> [Goal of the exercise]: Write out exactly, excluding pictures, the lines from the one containing "نصائح مهمة للاستعداد" through the end of the data, both included.

> [Provided data]:
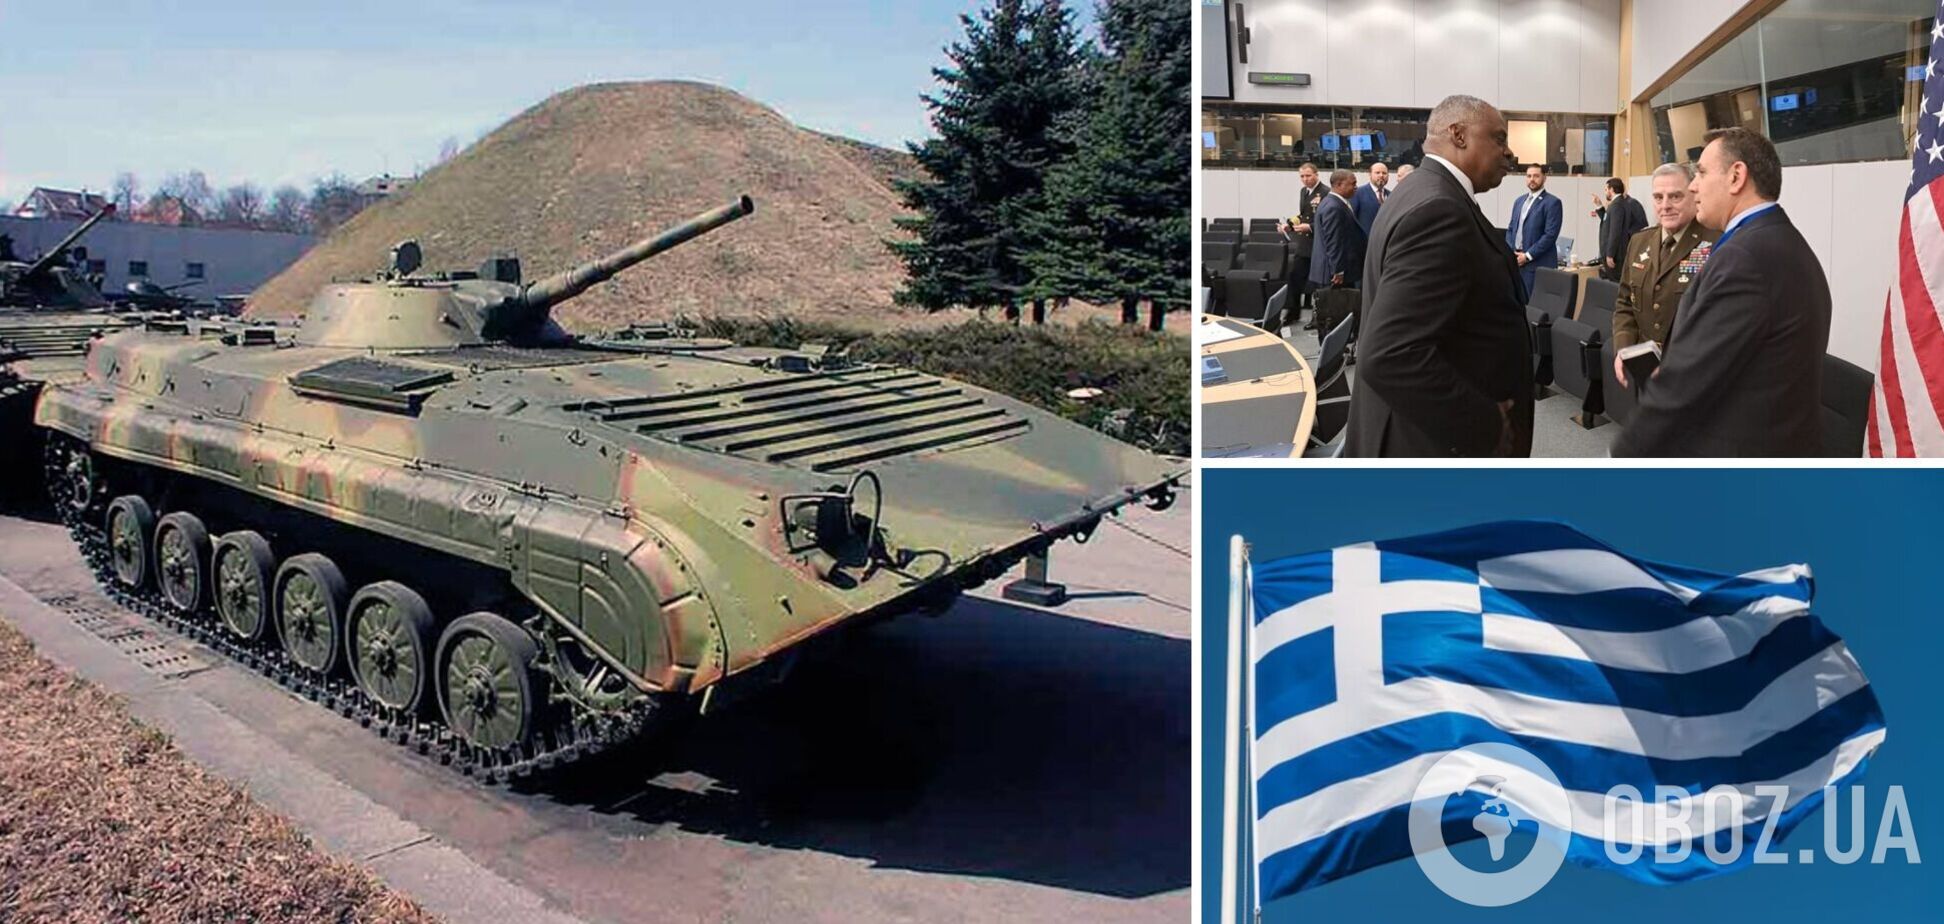 Греция передала Украине боеприпасы и 20 бронированных машин БМП-1, - министр обороны
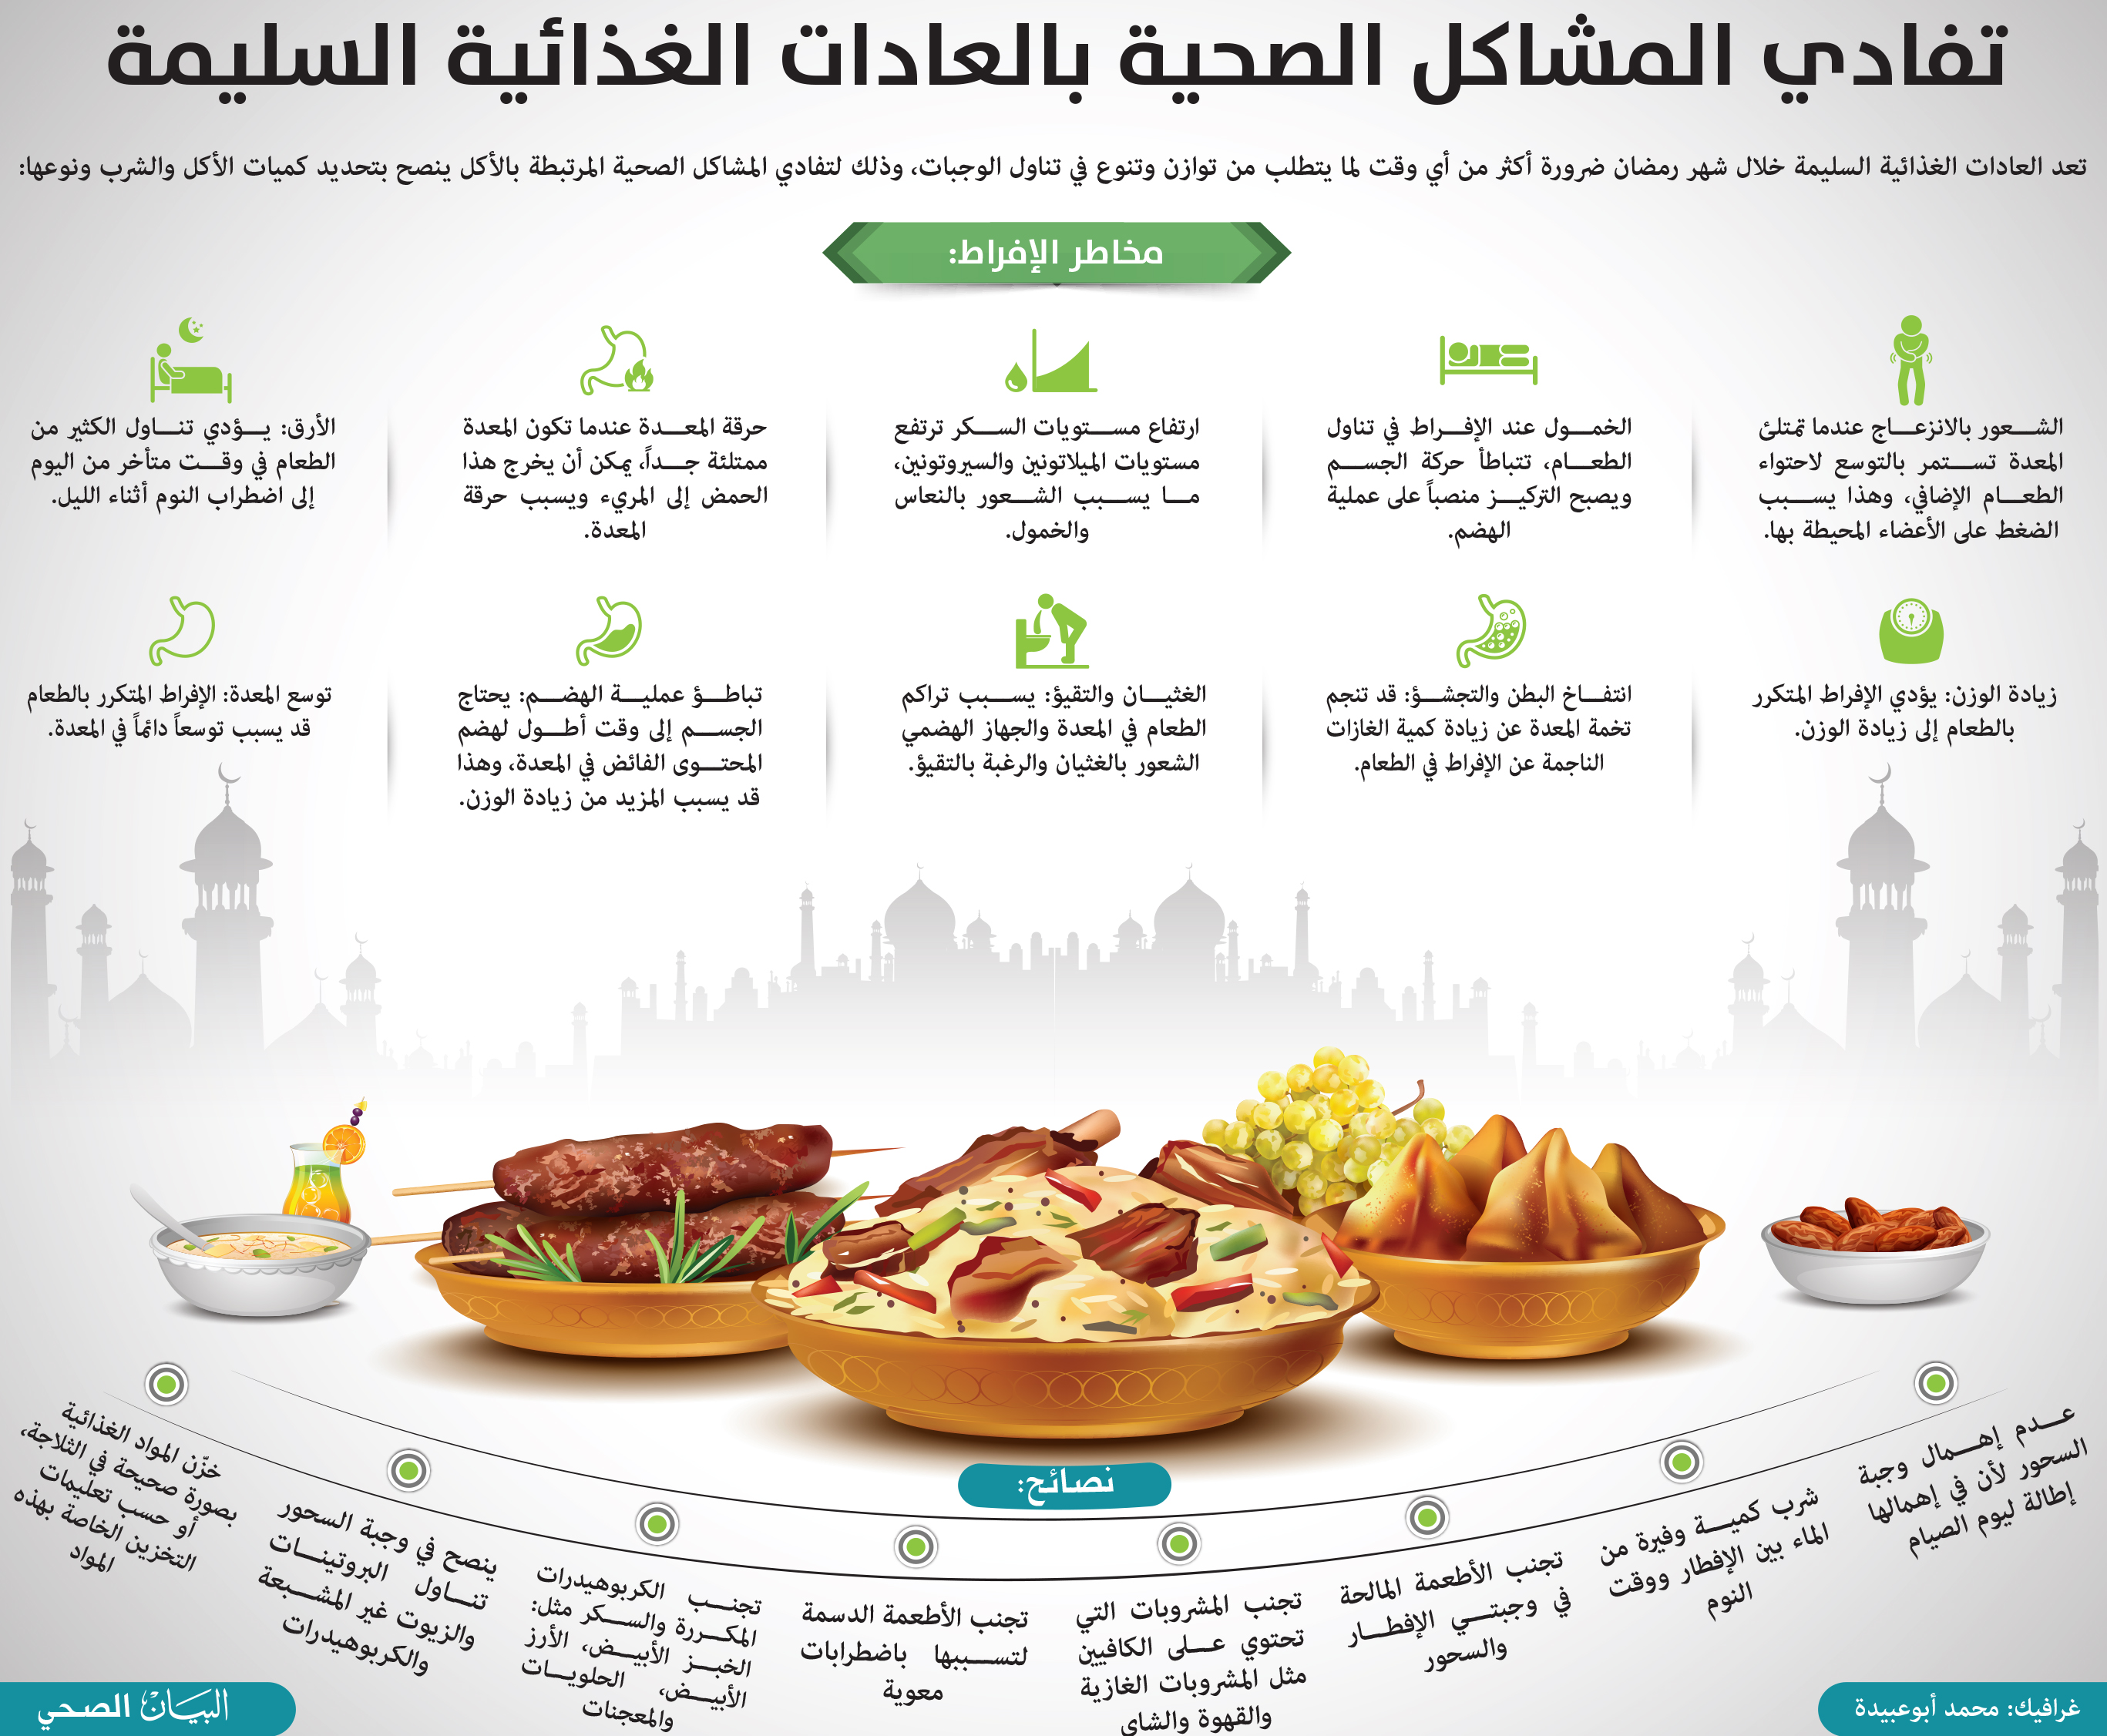 نصائح مهمة للاستعداد النفسي والمادي لرمضان - الغذاء الصحي خلال رمضان
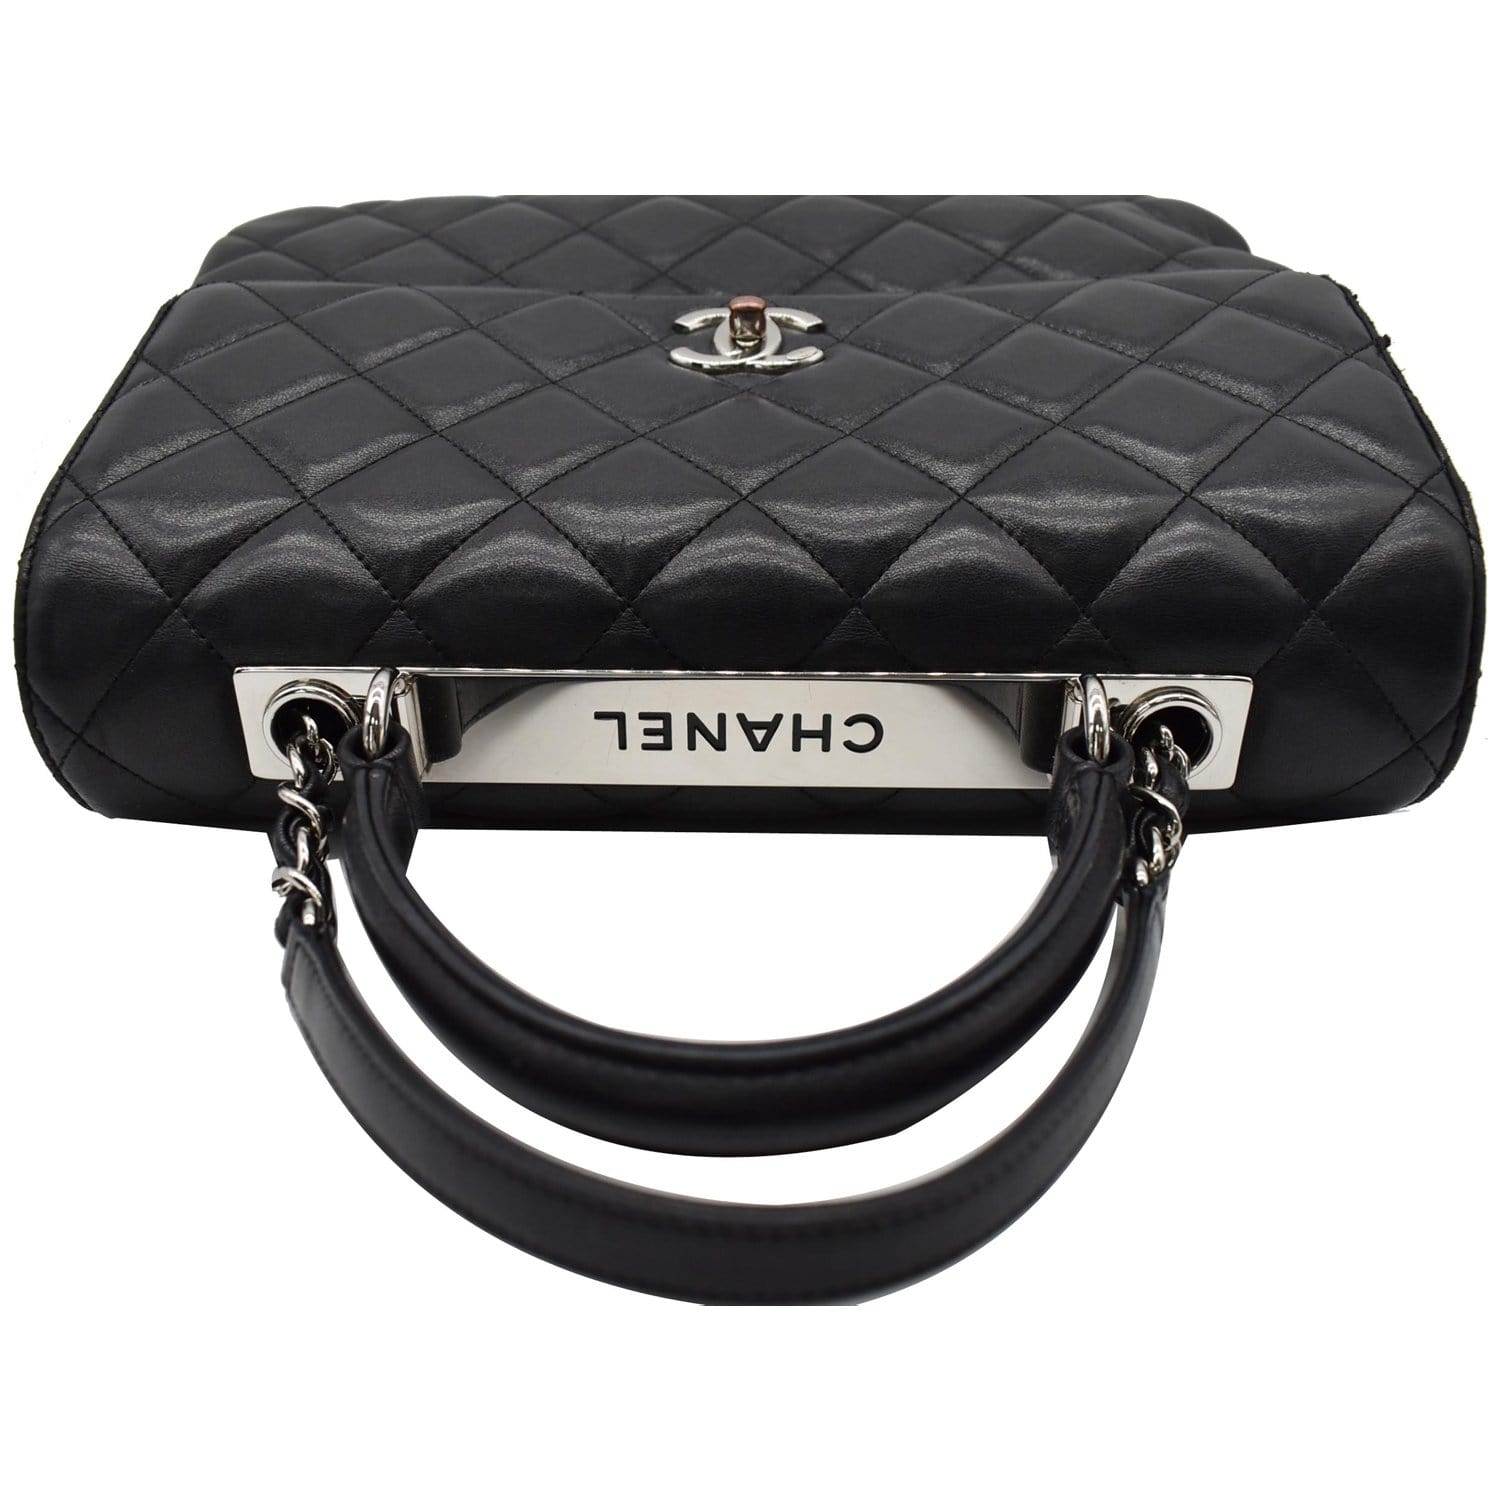 2016 Fall Chanel Trendy CC Small Bowling Bag

> [Your solution]:
 نصائح مهمة للاستعداد النفسي والمادي لرمضان - الغذاء الصحي خلال رمضان
 2016 Fall Chanel Trendy CC Small Bowling Bag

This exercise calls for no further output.